Character. Path to save intermediate objects. Default is tempdir().

savefinaltable

Logical. Whether to save the final table to disk. Default is TRUE.

reload

Logical. Whether to reload intermediate objects if available. Default is FALSE.

showtime

Logical. Whether to display timing information. Default is FALSE.

showmemory

Logical. Whether to display memory usage information. Default is FALSE.

deletetmp

Logical. Whether to delete temporary files after processing. Default is TRUE.

chromtab

A Seqinfo object retrieved with the rtracklayer method SeqinfoForUCSCGenome. If NA, the method is called automatically and the genomename should be provided. Default is NA.

forcechrom

Logical indicating if the presence of non-canonical chromosomes in chromtab (if not NA) should trigger an error. Default is FALSE.

verbose

Logical. Whether to display detailed progress messages. Default is TRUE.

Details

The 'preprocessing' function performs several key tasks: 1. Filters Gencode annotations to retrieve "transcript" annotations. 2. Differentiates between protein-coding (MANE_Select) and long non-coding (lncRNA, Ensembl_canonical) transcripts. 3. Splits transcripts into windows of size 'windsize'. 4. Processes bedgraph files to retrieve values, exclude blacklisted regions, and retain high-mappability intervals. 5. Generates a final annotated table with scores derived from the above steps.
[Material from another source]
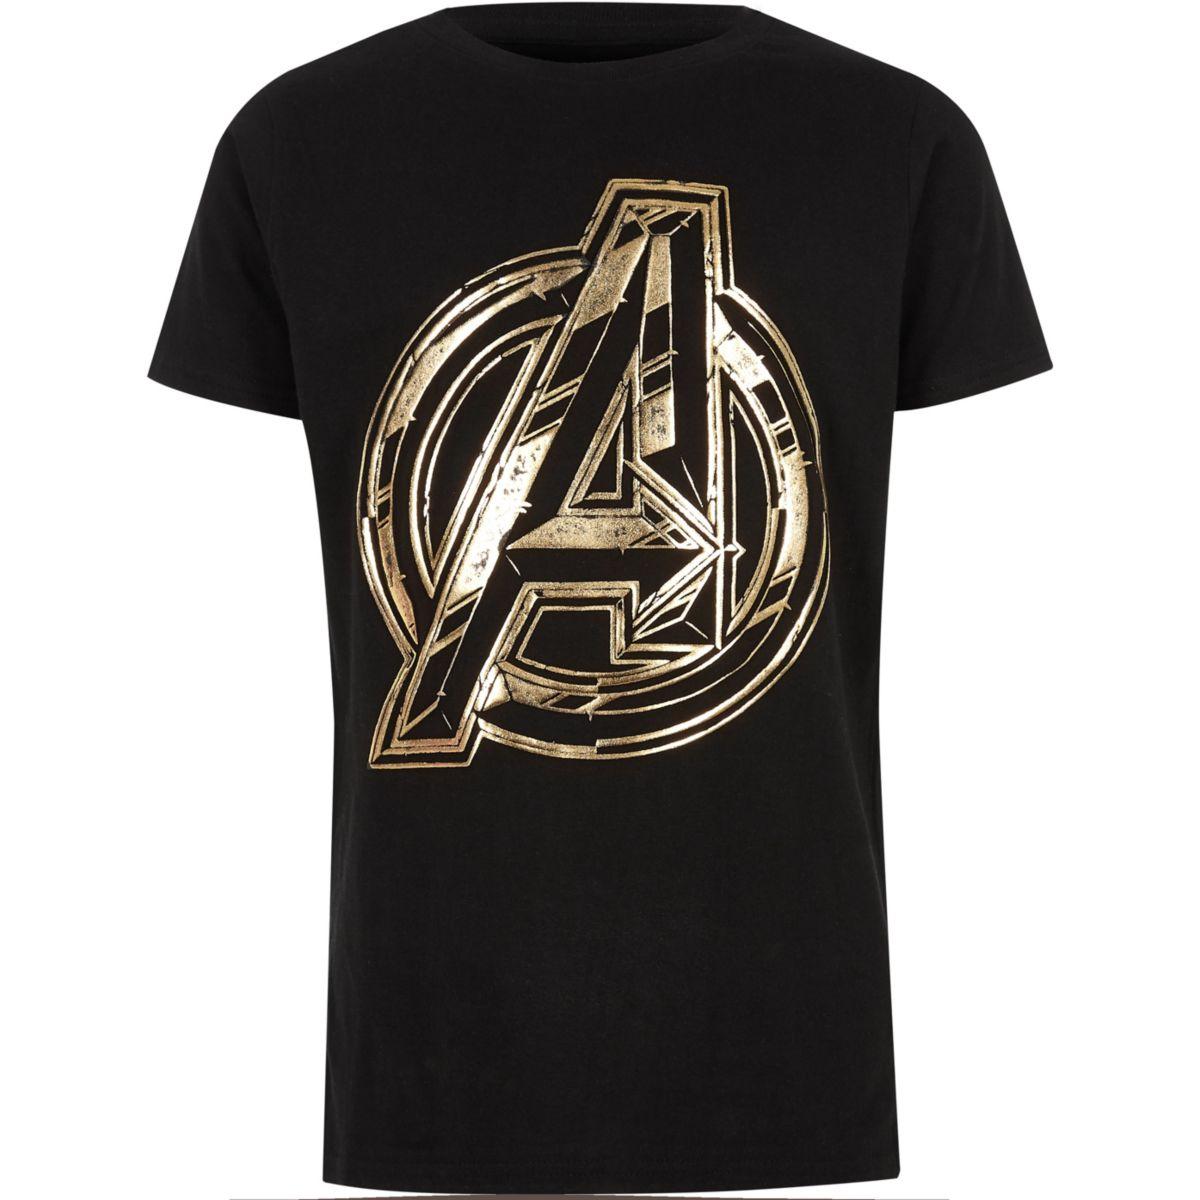 Boys black Avengers foil T-shirt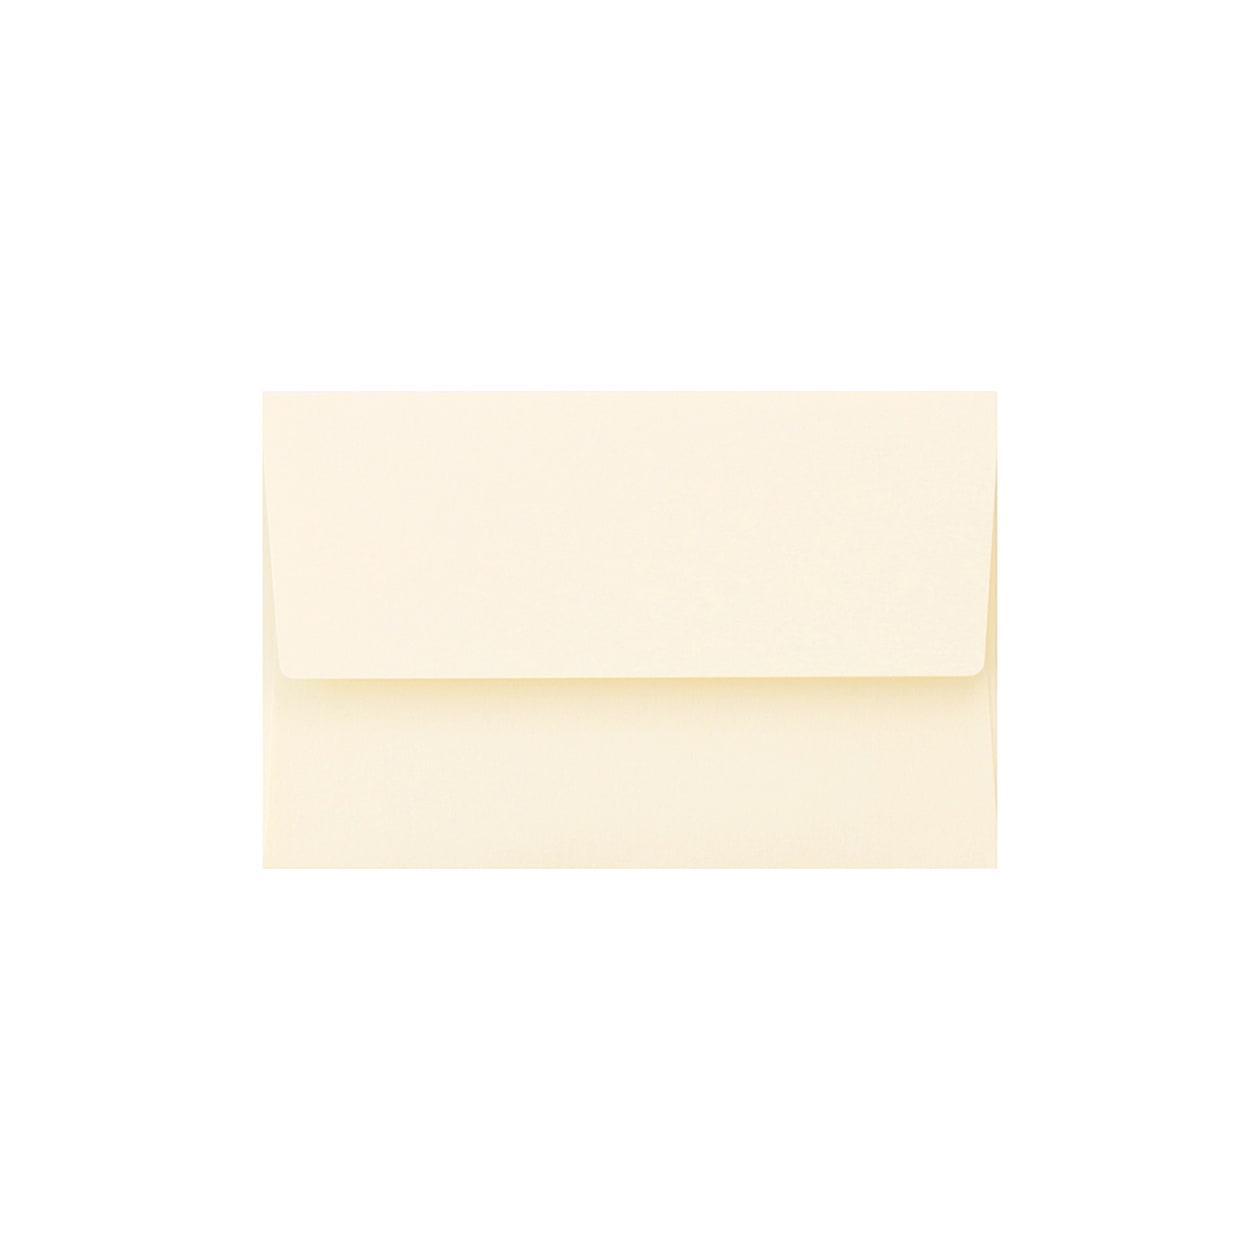 NEカマス封筒 コットン ナチュラル 116.3g

Temporary files created during processing are optionally deleted at the end.

Value

A data frame representing the final table containing transcript information and scores on 'windsize' windows for all experiments defined in the experiment table (exptabpath).

Examples


## Data
exptabpath <- system.file("extdata", "exptab-preprocessing.csv", package = "tepr")
gencodepath <- system.file("extdata", "gencode-chr13.gtf", package = "tepr")
maptrackpath <- system.file("extdata", "k50.umap.chr13.hg38.0.8.bed",
  package = "tepr")
blacklistpath <- system.file("extdata", "hg38-blacklist-chr13.v2.bed",
    package = "tepr")
windsize <- 200
genomename <- "hg38"

## Copying bedgraphs to the current directory
expdfpre <- read.csv(exptabpath)
bgpathvec <- sapply(expdfpre$path, function(x) system.file("extdata", x,
    package = "tepr"))
expdfpre$path <- bgpathvec
write.csv(expdfpre, file = "exptab-preprocessing.csv", row.names = FALSE,
    quote = FALSE)
exptabpath <- "exptab-preprocessing.csv"

## Testing preprocessing
finaltabtest <- preprocessing(exptabpath, gencodepath, windsize, maptrackpath,
    blacklistpath, genomename = genomename, verbose = FALSE)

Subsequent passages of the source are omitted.